The challenge of determining their longitude and latitude - without wrist watches or radios to aid them - was the most daunting, according to Dr Leahy. The tasks set included making a radio, generating electricity and making insect repellant - all to be completed within three days. Dr Leahy admits that they had to bend the rules once or twice - they were given magnets, without which generating electricity would have been almost impossible. However there were some failures amongst the tasks. Although they came close to constructing a makeshift camera by making a light sensitive film with silver iodide and paper, using a broken bottle as a lens, it failed to produce an image.

On the whole, it was "manic fun", despite being hard work. But Dr Leahy found the long debates over the action to take, or adapting solutions to make for more exciting viewing, frustrating." We had to keep reminding ourselves we were there to make a TV show, that people had been generating electricity for years and we were not the first," he said. There were moments of tension, but viewers tuning in hoping for any serious disputes will be disappointed.
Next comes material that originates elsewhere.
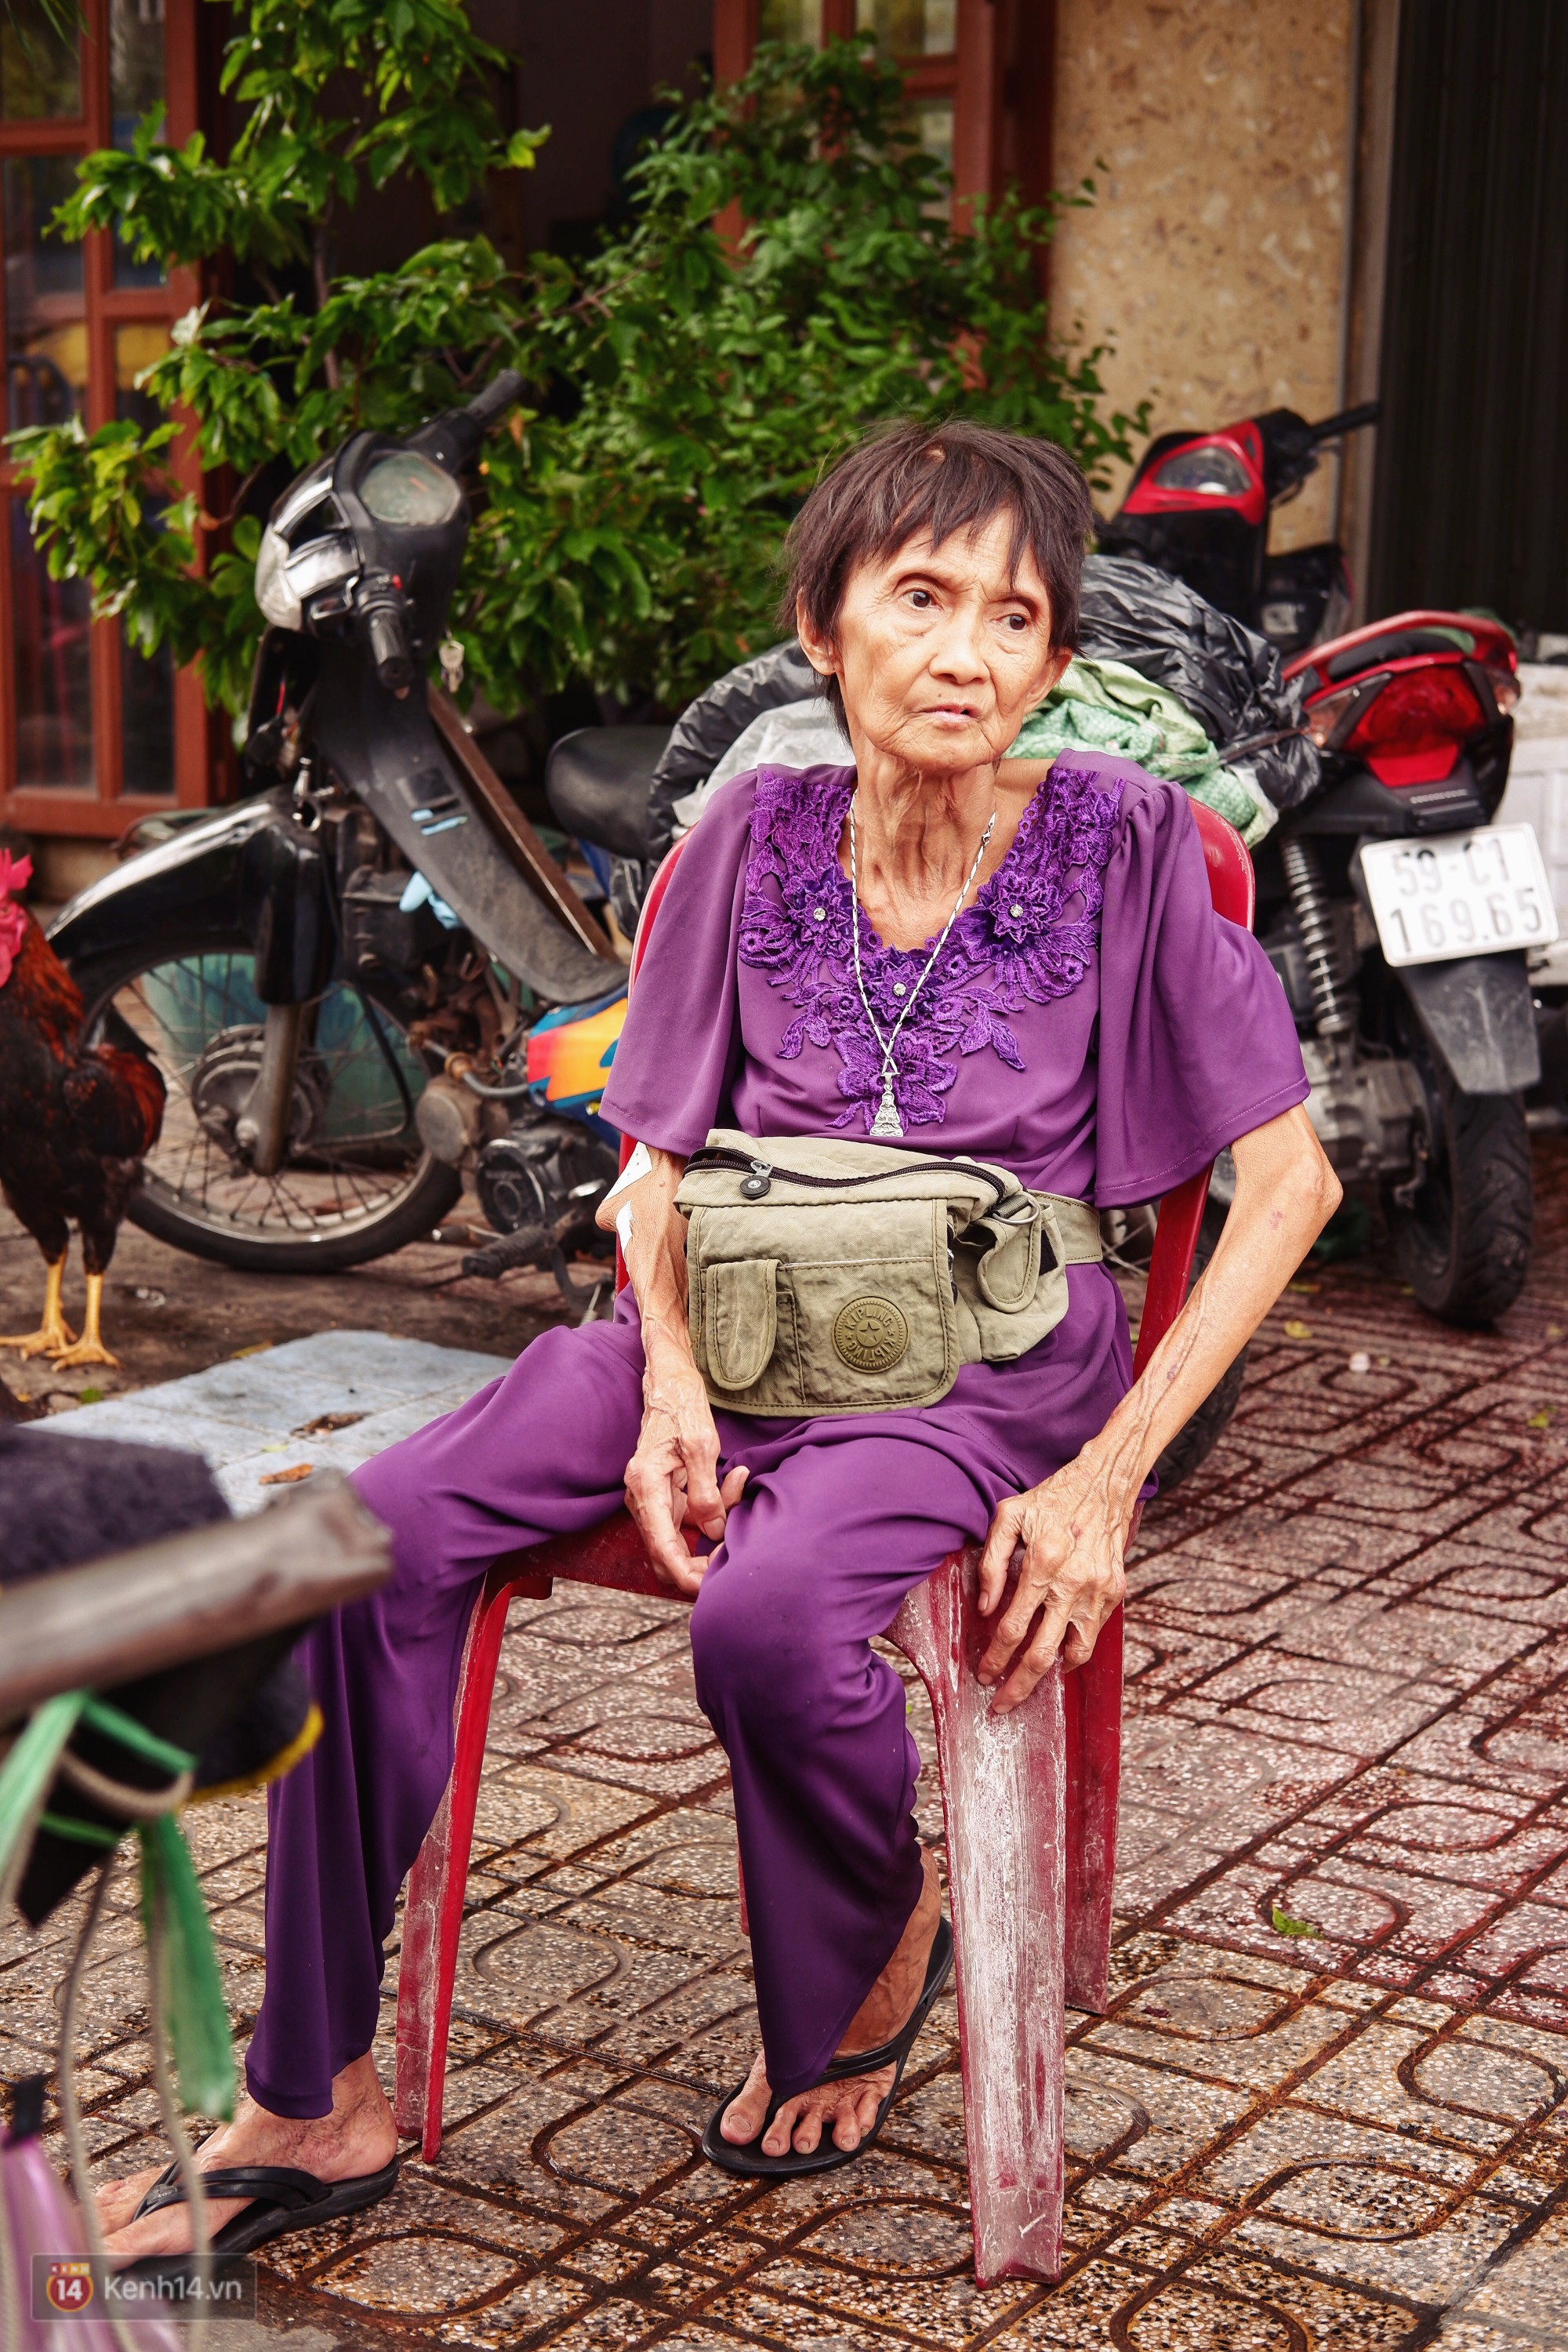 Bà cụ gầy gò với cân nặng chỉ 25kg ở Sài Gòn, 30 năm tần tảo bên gánh chè nuôi gia đình - Ảnh 5.

Interestingly, Dr Leahy found his experience as a mechanic - his profession before taking his first degree at 26 - of more use than the scientific training he received at Oxford. He felt that expertise learnt in a support and rescue team for the Peking-Paris rally was useful. Dr Leahy revealed that the only reason he started his academic career, studying for an A-Level at a higher education college in Abingdon, was to win a dare. He laments that students under this Labour government are "being stitched up", so that talented youngsters have to think twice about going to university and being saddled with the debt that he avoided under the Conservatives. He suspects the reason his name was one of those suggested when the BBC approached the Institute of Virology was the reputation he has there as "game for a laugh", dating back to his years as a student. The prospect of participating excited Dr Leahy, an intrepid traveller, who thinks the programme fills a gap in schedule for entertaining scientific shows. "Granted, there are programmes like Horizon and Equinox - which are heavyweight shows - but the lay person may not bother watching these shows," he says, welcoming more popular programmes such as Tomorrow's World and Rough Science.

He also thinks that "science has been given a bad rap in the press recently and it is great to get the chance to redress the balance", as well as to spark interest in science. This is a sentiment shared by fellow islander Mark Bullivant, a chemist from the Open University. "Working on the challenges took me back to my schooldays in that it gave me the same sense of awe that I got as an inquisitive teenager in a chemistry lab." The web-site (www.open2.net) offers viewers a chance to join an online team to solve the following week's challenge. The producers believe that a booklet outlining each week's activities promises to make Rough Science a more interactive experience.

Recently science has had to defend itself from widespread suspicion and outspoken opponents, often coming off badly in debates about controversial issues. Rough Science may do something to remind the public that science - and scientists - can be enlightening and possibly even something to get enthusiastic about.